__Assignment__. Set down the listing exactly as given, minus images.

__Source information__.
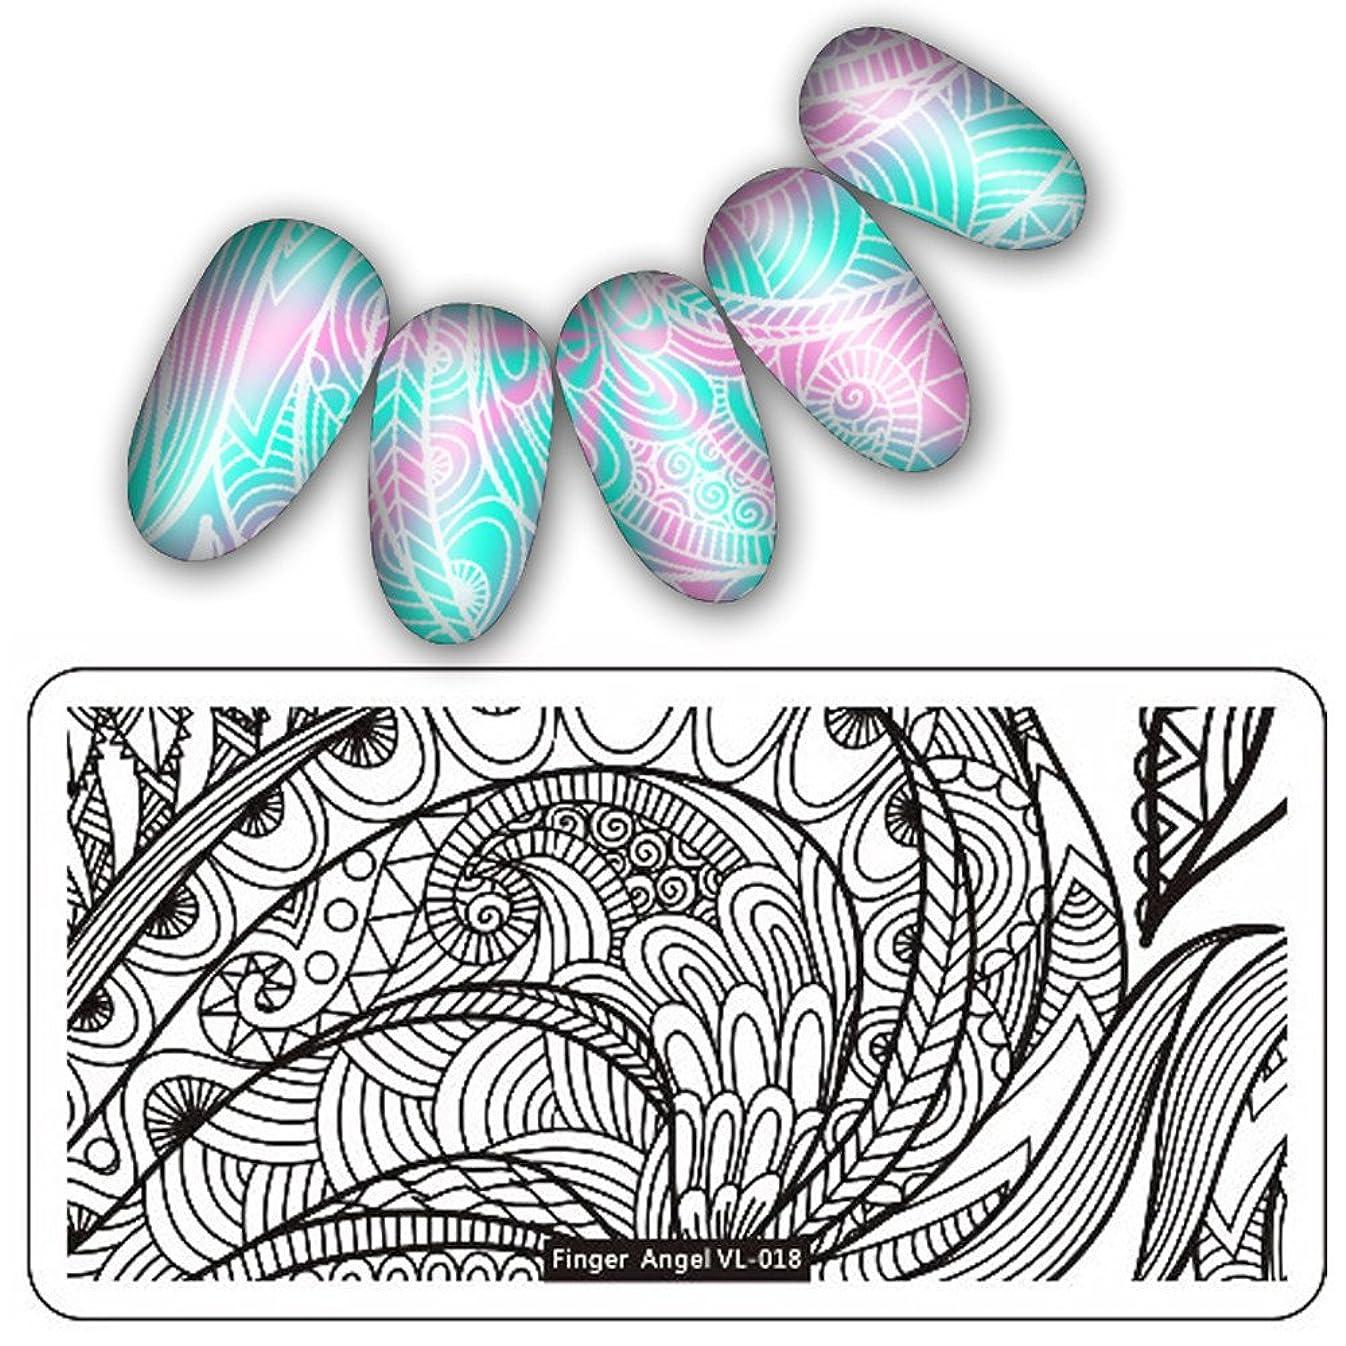 レルムマイクロフォン励起[ルテンズ] スタンピングプレートセット 花柄 ネイルプレート ネイルアートツール ネイルプレート ネイルスタンパー ネイルスタンプ スタンプネイル ネイルデザイン用品
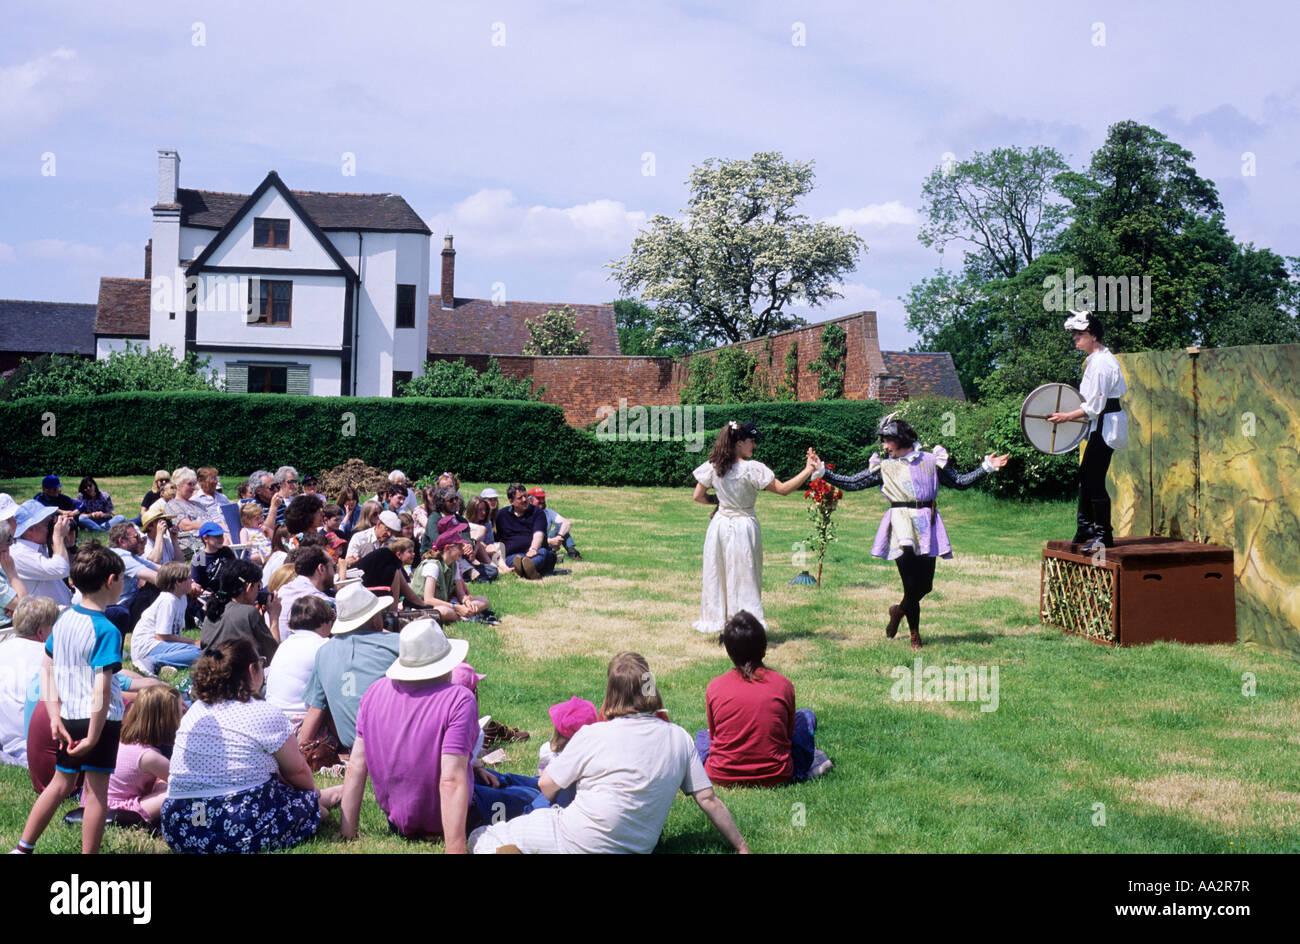 Öffnen Sie Air Theater Shakespeare Publikum sitzen auf Rasen Akteure Boscobel House, Shropshire, England, UK, Stockbild
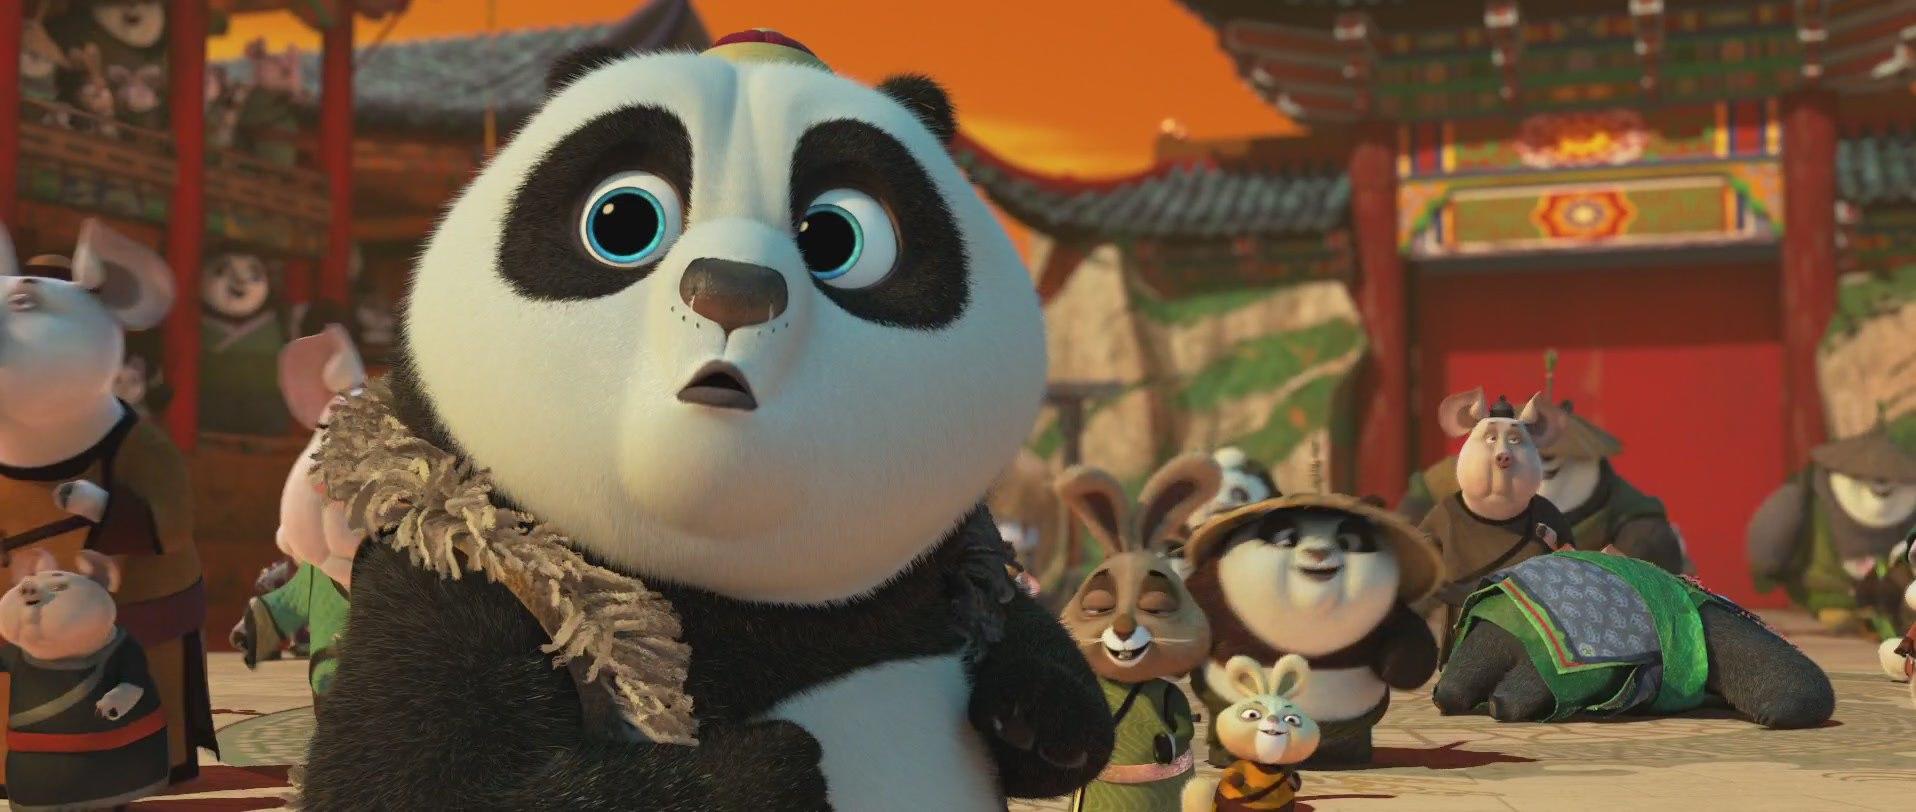 малая панда из мультика кунг-фу панда 3
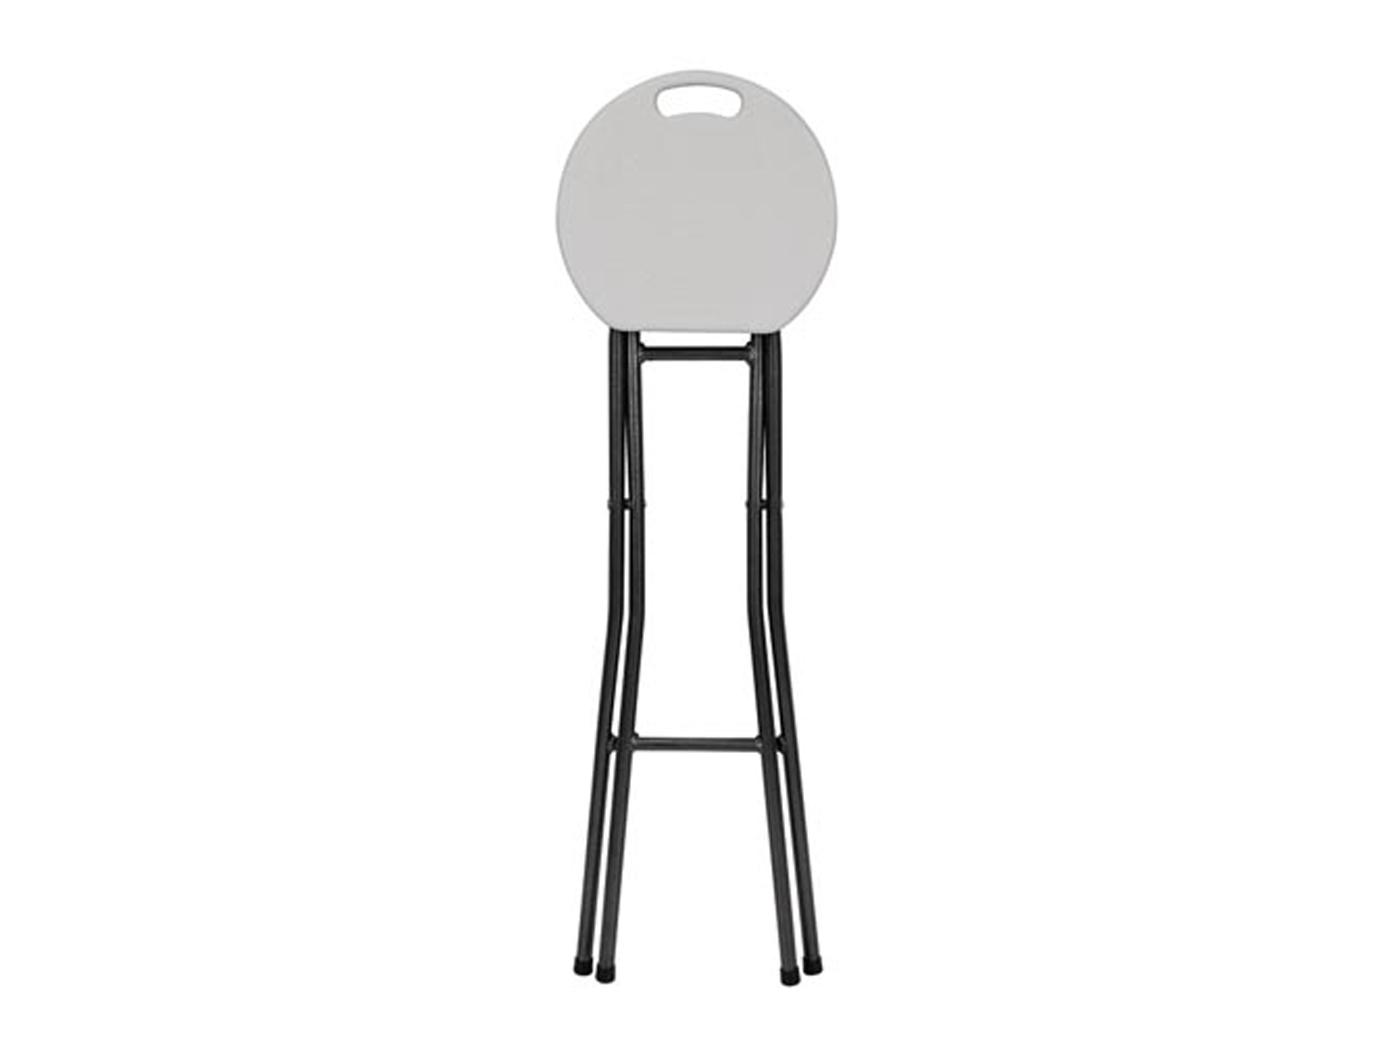 hauteur d/'assise 80 cm Météo fixe de bar Tabourets de Bar de cuisine Tabouret Bar Tabouret
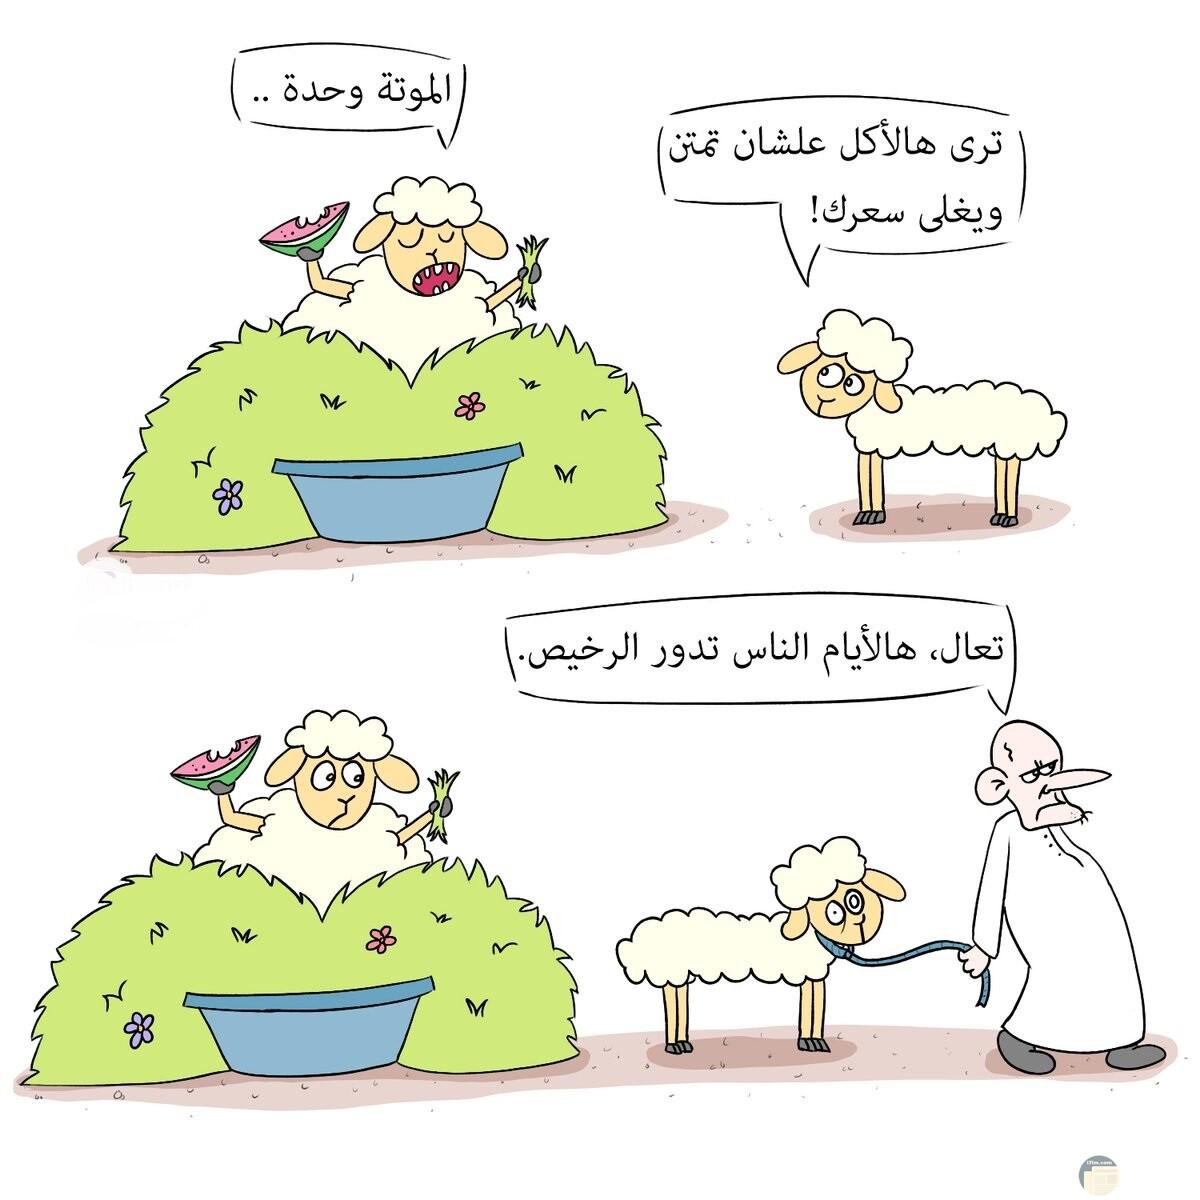 أضحك مع خروف العيد.

__Output__.
 レルムマイクロフォン励起[ルテンズ] スタンピングプレートセット 花柄 ネイルプレート ネイルアートツール ネイルプレート ネイルスタンパー ネイルスタンプ スタンプネイル ネイルデザイン用品
 Öffnen Sie Air Theater Shakespeare Publikum sitzen auf Rasen Akteure Boscobel House, Shropshire, England, UK, Stockbild
 малая панда из мультика кунг-фу панда 3
 hauteur d/'assise 80 cm Météo fixe de bar Tabourets de Bar de cuisine Tabouret Bar Tabouret
 أضحك مع خروف العيد.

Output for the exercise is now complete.